Another 2012 article, “Ketamine for Depression: Where Do We Go from Here?” said that while adverse effects had generally been mild, some patients experienced brief changes in blood pressure, heart rate, or respiration. They supported further research of ketamine to treat mood disorders. “However, given the paucity of randomized controlled trials, lack of an active placebo, limited data on long-term outcomes, and potential risks, ketamine administration is not recommended outside of the hospital setting.”

A 2013 study reported in the American Journal of Psychiatry was a randomized controlled study. Ketamine again demonstrated rapid antidepressant effects. It added further support to studies showing that NMDA receptor modulation as a potential mechanism for “accelerated improvement in severe and chronic forms of depression.” Reservations on its use in clinical practice were again expressed because of its short action and safety concerns.

Ketamine is not a new drug. It was developed in 1962 by Parke-Davis and is used as an anesthetic in human and veterinary medicine, usually in combination with another sedative drug. It has been used for several decades as a recreational drug under nicknames such as “Special K,” “K” or “Ket.” It makes users feel disassociated or disconnected from their body and can cause hallucinations. The user can feel sleepy, sluggish, confused or clumsy. They may babble, appear drunk, or have trouble remembering who they are.

It comes as a clear liquid and a white or off-white powder. It can be injected, mixed in a drink as a date-rape drug or sprinkled on tobacco or marijuana and smoked.  It is virtually tasteless and causes a person to become disoriented, confused, suggestible, easily manipulated and compliant.

The victim is usually compliant, suggestible, and shows no overt resistance. As a result they can be easily led into a private setting and usually do not resist whatever is done to them. When given in a sufficient dose the victim has no memory of what happened. On the street this period of dissociated amnesia is called ‘being stuck in the K hole.’

The K-hole state can mimic catatonic schizophrenia, out-of-body experiences or near-death experiences. Since it is an anesthetic drug, ketamine could cause vomiting with its use.
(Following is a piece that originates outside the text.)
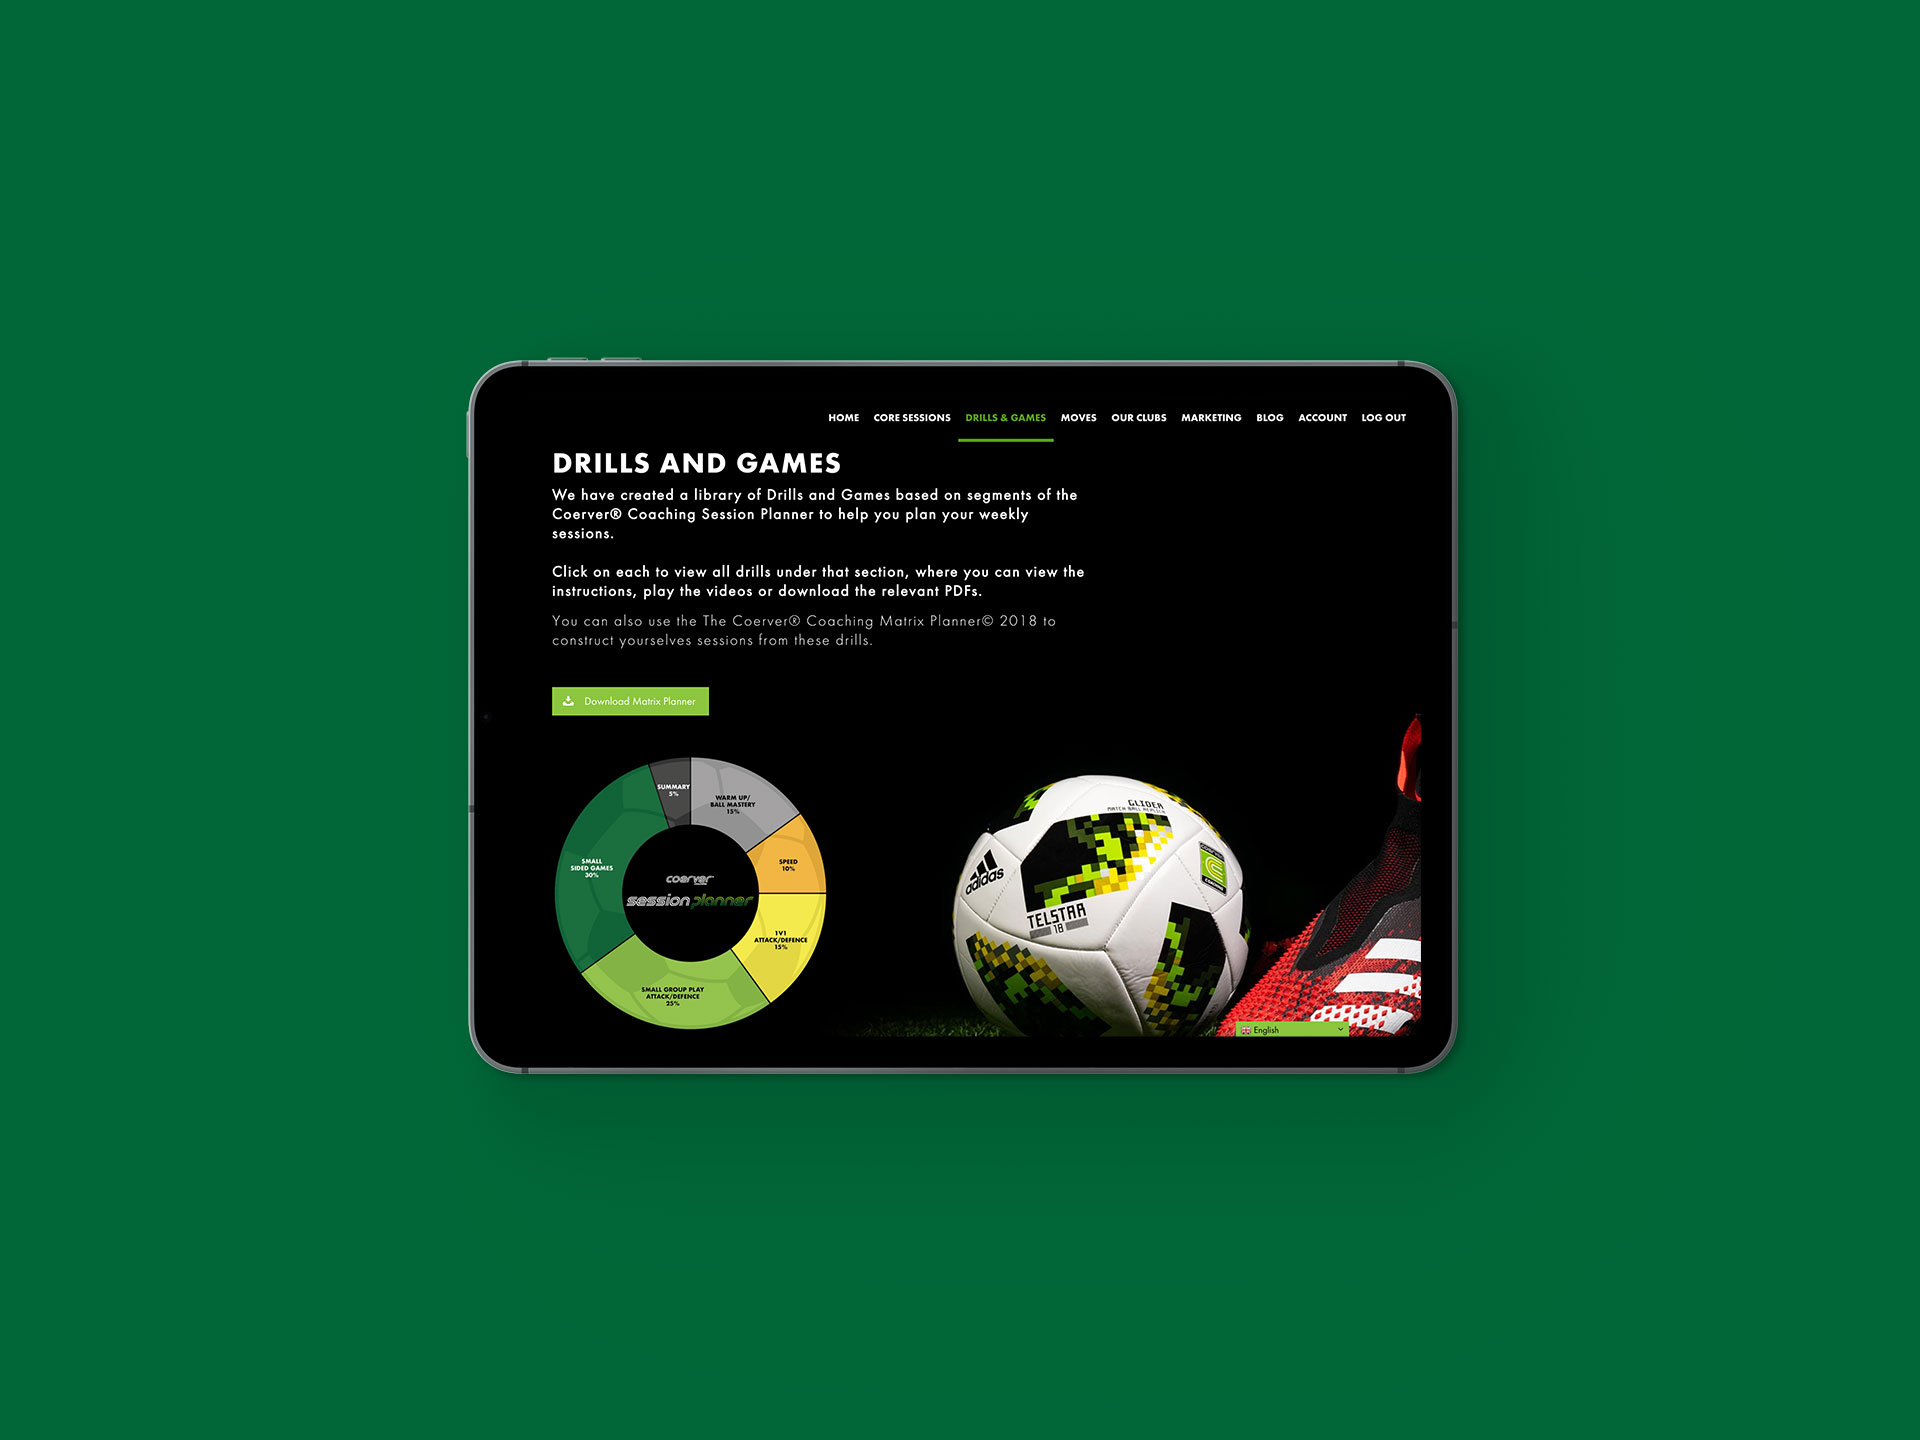 Coerver Partner Club Website Drills

And “eating or drinking before taking the drug increases the risk of choking on one’s own vomit.” It is addictive, classified as a Schedule III drug by the DEA. Taken with other sedating drugs like alcohol, the effects of slowing or shutting down the central nervous system are increased. It is possible to overdose on it.

The 2014 Global Synthetic Drugs Assessment reported that ketamine is widely misused in East and South-East Asia; more than in the Americas and Europe. “Extensive ketamine use has also been reported in Brunei Darussalam, India, Myanmar and Singapore.” Between 2008 and 2011, 60% of global ketamine seizures occurred in mainland China and Hong Kong.
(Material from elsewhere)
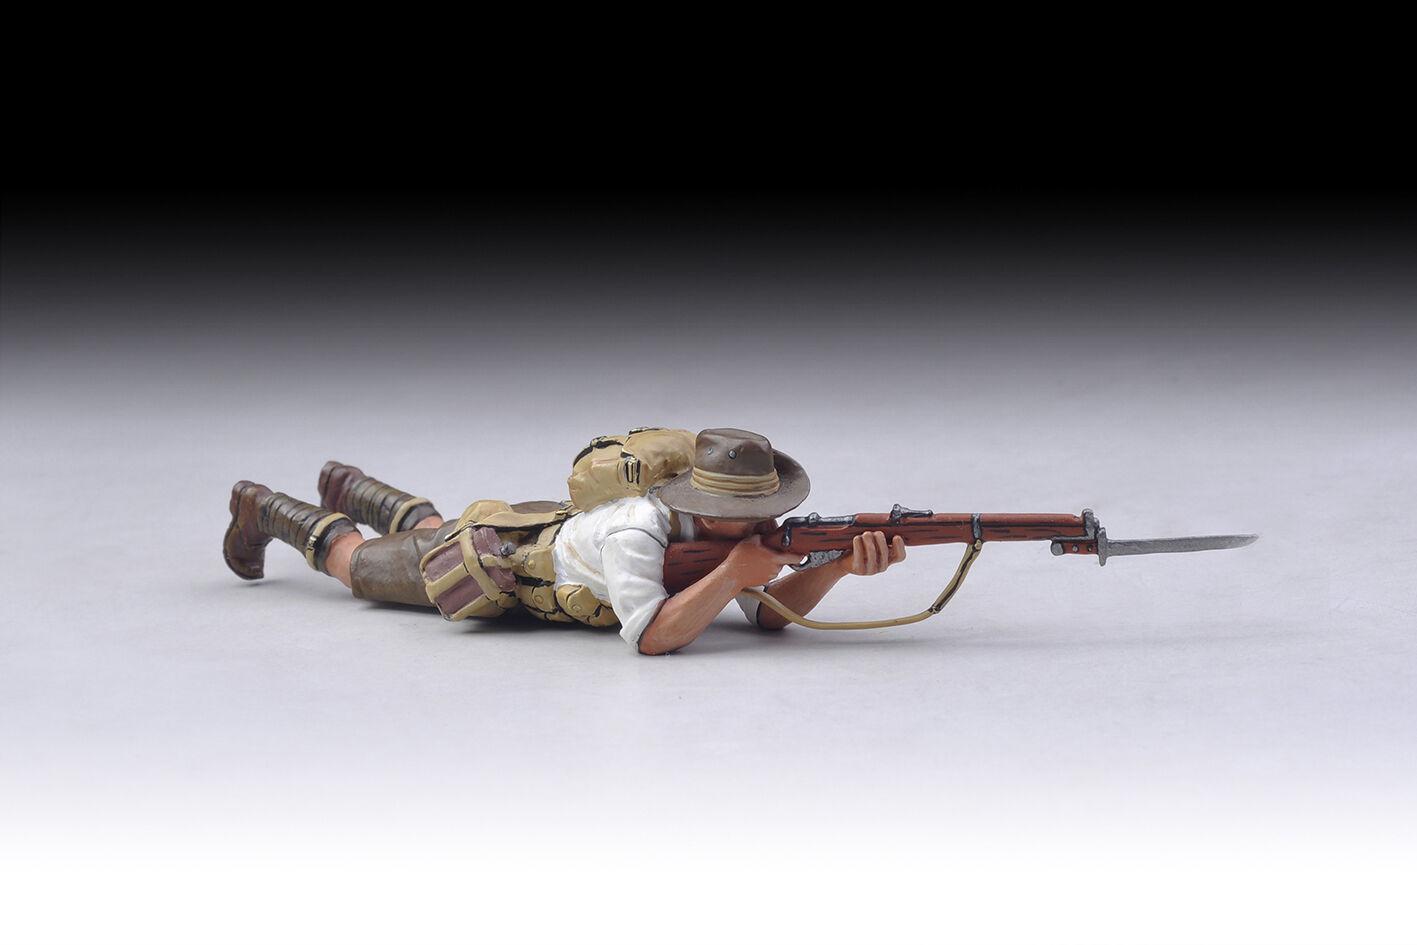 THOMAS GUNN GW057B - Aussie Lying Down White Shirt WW1 Painted Diecast Metal

In “A Word to the Wise About Ketamine,” Alan Schatzberg noted that the data on ketamine as an antidepressant is still relatively limited. He said that without more data on what ketamine can do clinically, and knowing it can be a drug of abuse, “it is difficult to argue that patients should receive an acute trial of ketamine for refractory depression.” Waiting until there was greater understanding about its effects and risks was his recommendation. Although the recent studies are exciting and open up new avenues for depression research, “until we know more, clinicians should be wary about embarking on a slippery ketamine slope.”

The almost unbridled enthusiasm over the potential of ketamine to treat depression needs to be reined in. We don’t want to find ourselves “falling down the k-hole” instead of exploring ketamine’s potential to treat depression.